The Comparison of AFM-Based Techniques to Access the Adhesion in the Case of Soft Contacts

Adhesion affects numerous processes, both natural and industrial: from insects or lizards crawling on vertical walls, to the healing of wounds and the deposition of water-repellent coatings on fabrics, all these processes are manifestations of adhesion. Thus, the study of adhesion as a phenomenon and the peculiarities of the adhesive process are of great importance for many applications.

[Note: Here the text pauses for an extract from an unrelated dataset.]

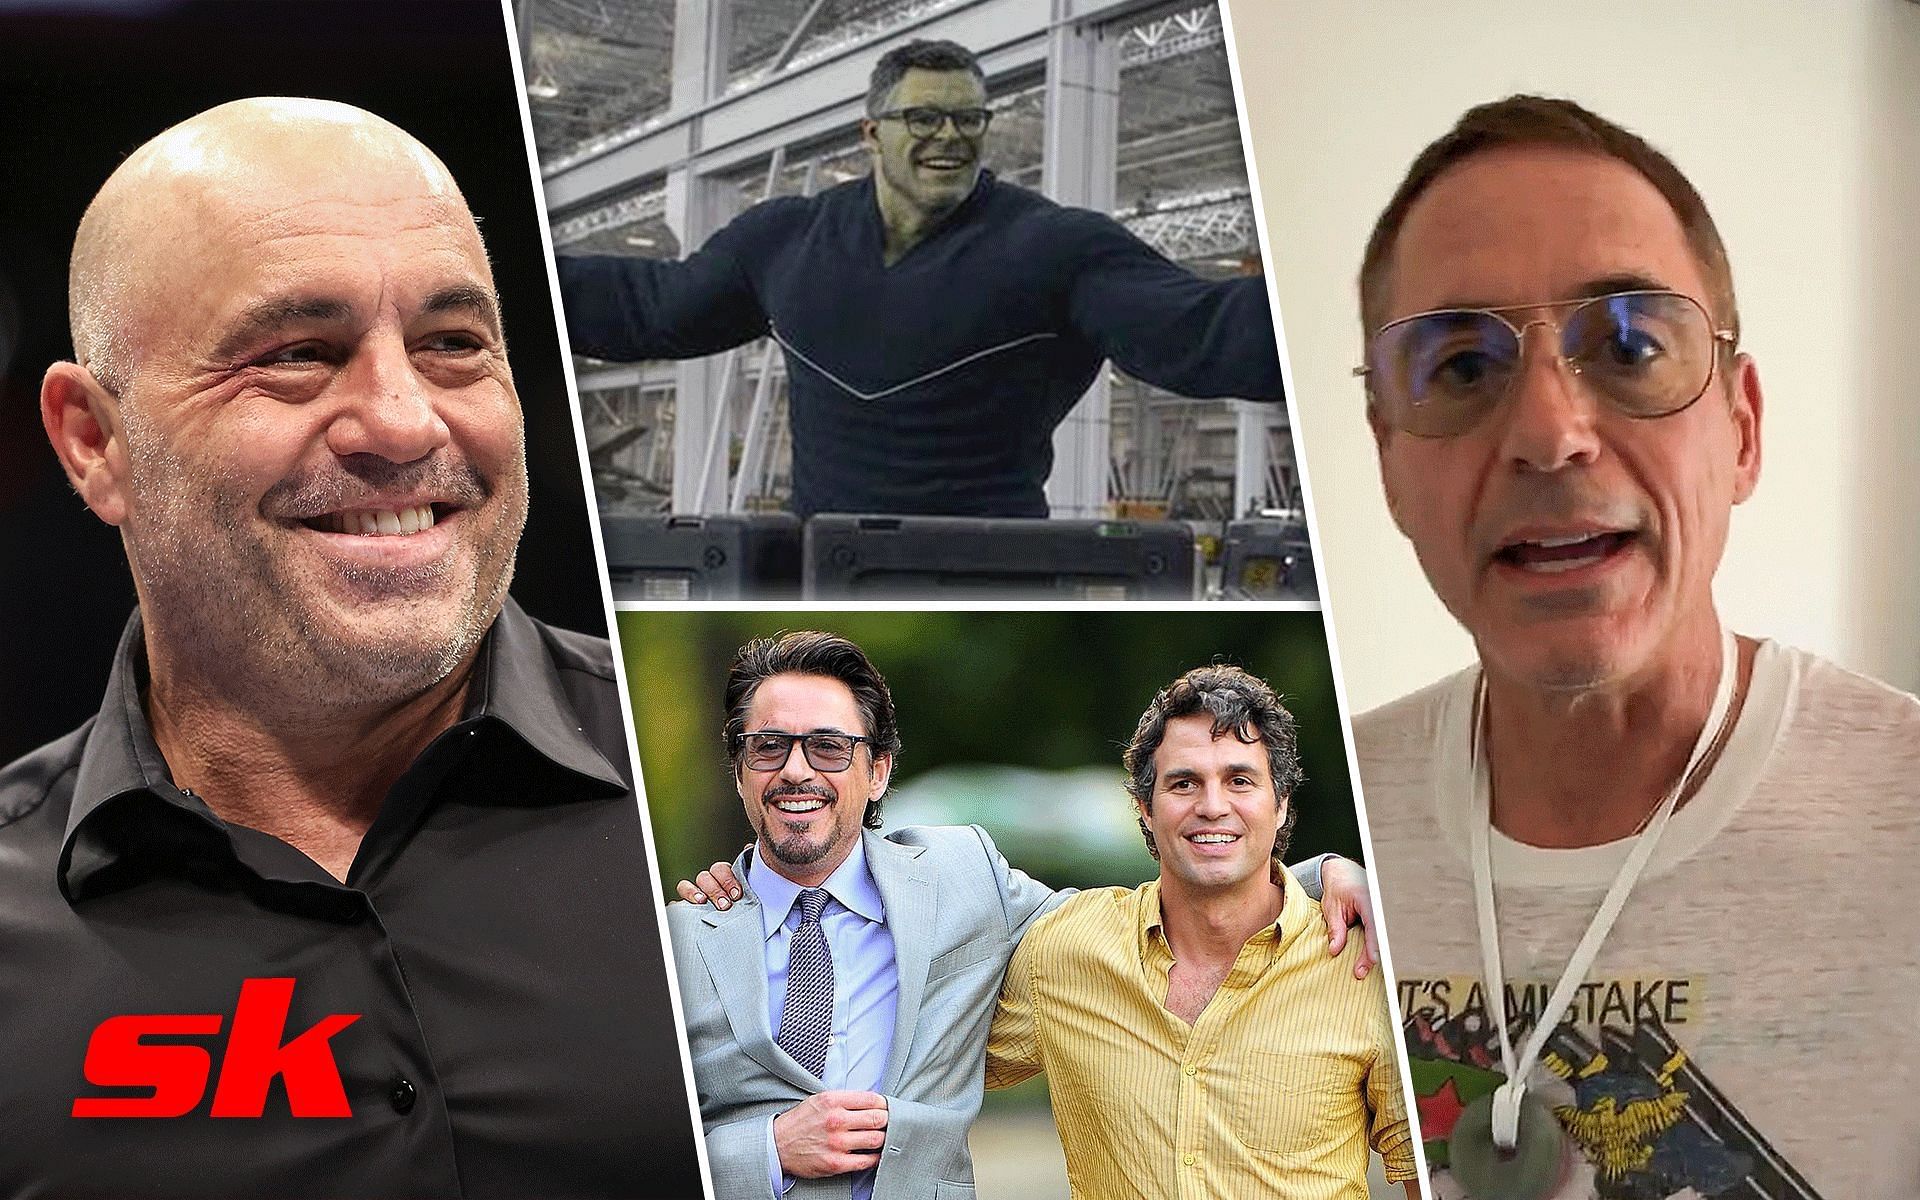 Joe Rogan (Left), The Hulk, Mark Ruffalo and Robert Downey Jr. (Middle), Robert Downey Jr. (Right) [Image courtesy: Getty, @markruffalo and @robertdowneyjr on Instagram]
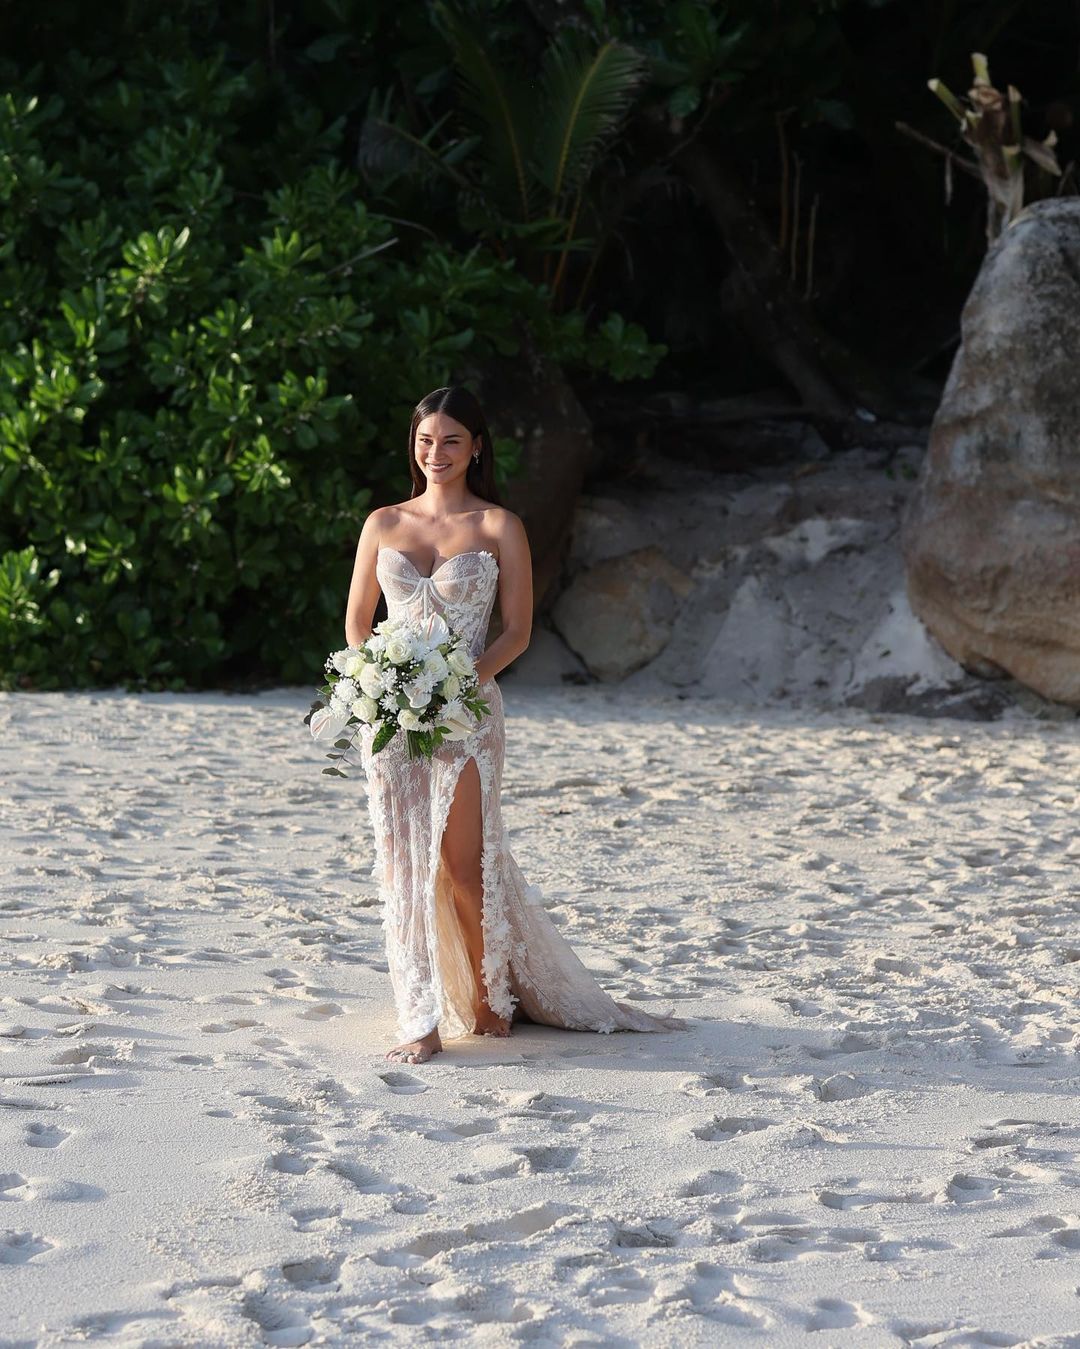 Pia Wurtzbach in her wedding gown walking down the beach at North Island, Seychelles

The work of adhesion, the thermodynamic work required to separate two phases, can provide a quantification of surface interactions. At the microscale, such interactions are crucial for bio-medical applications and tribological studies. To access the work of adhesion at the microscale, colloidal probe atomic force microscopy (AFM) is the most suitable way as it allows bringing two surfaces into contact locally. Using hard non-deformable (silica) particle as a colloidal probe, while is relatively easy to realize experimentally, may not be suitable in the case of study on deformable polymeric substrates, as it pushes the system out of the equilibrium by exerting large pressure on the small area. Here, the use of a soft deformable colloidal probe can be a better option. However, it is known that maximal load, retraction rate, and contact time influence the measured values drastically if the force-distance curves are analyzed due to their influence on the pull-off process per se in the case of the soft colloidal probe. The combination of AFM and reflection interference contrast microscopy (RICM) to measure optically the contact radius was shown previously to be a possible alternative to extract the work of adhesion without creating rapid pull-off events. This contribution shows for the first time the direct comparison of the force-distance curve analysis (pull-off method) and the combination of AFM and RICM (AFM/RICM) when studying the adhesion of polymeric responsive brush surfaces. The comparison reveals the necessity to measure the contact geometry experimentally.
Here, the adhesive properties of poly-N-isopropylacrylamide (PNIPAM) brush in swollen and collapsed states were investigated by the soft colloidal probe (PDMS particle) AFM. To directly compare the pull-off method with AFM/RICM for different surface conditions, we chose PNIPAM as the material’s co-nonsolvency allows the characterization of swollen and collapsed states of the brush on one sample, broadening the comparison. This comparison revealed that AFM/RICM is a more reliable way to access the values close to the thermodynamic equilibrium since the measurement is carried out when the colloidal probe is held on the PNIPAM brush during all the contact time (10-100s). The pull-off method, on the other hand, relied on the very rapid pull-off process that occurs in a time scale significantly lower than a second. Both methods show larger adhesion for the swollen state of the PNIPAM brush than the collapsed state, which contradicts the existing hard colloidal probe literature data. To understand this result, we investigated the adhesive properties of a redox-responsive PNIPAM-based hydrogel. Thus, we could control the degree of swelling of the hydrogel in situ by triggering the collapse of PNIPAM employing the co-nonsolvency effect and by reducing the cross-linking density by redox stimulus. The experimental values of the work of adhesion in this case scaled with the degree of freedom of the PNIPAM (from the most cross-linked in the collapsed state to the least cross-linked in the swollen state). Thus, the degree of freedom of the chains of PNIPAM in the uncompressed state resulted in greater adhesion in the swollen state than in the collapsed state.

References:

(1) Sychev, D.; Schubotz, S.; Besford, Q. A.; Fery, A.; Auernhammer, G. K.. J. Colloid Interface Sci. 2023, 642, 216–226.
(2) Hofmann, D.; Sychev, D.; Zagradska-Paromova, Z.; Bittrich, E.; Auernhammer, G. K.; Gaitzsch, J. Macromol. Rapid Commun. 2024, 45 (14).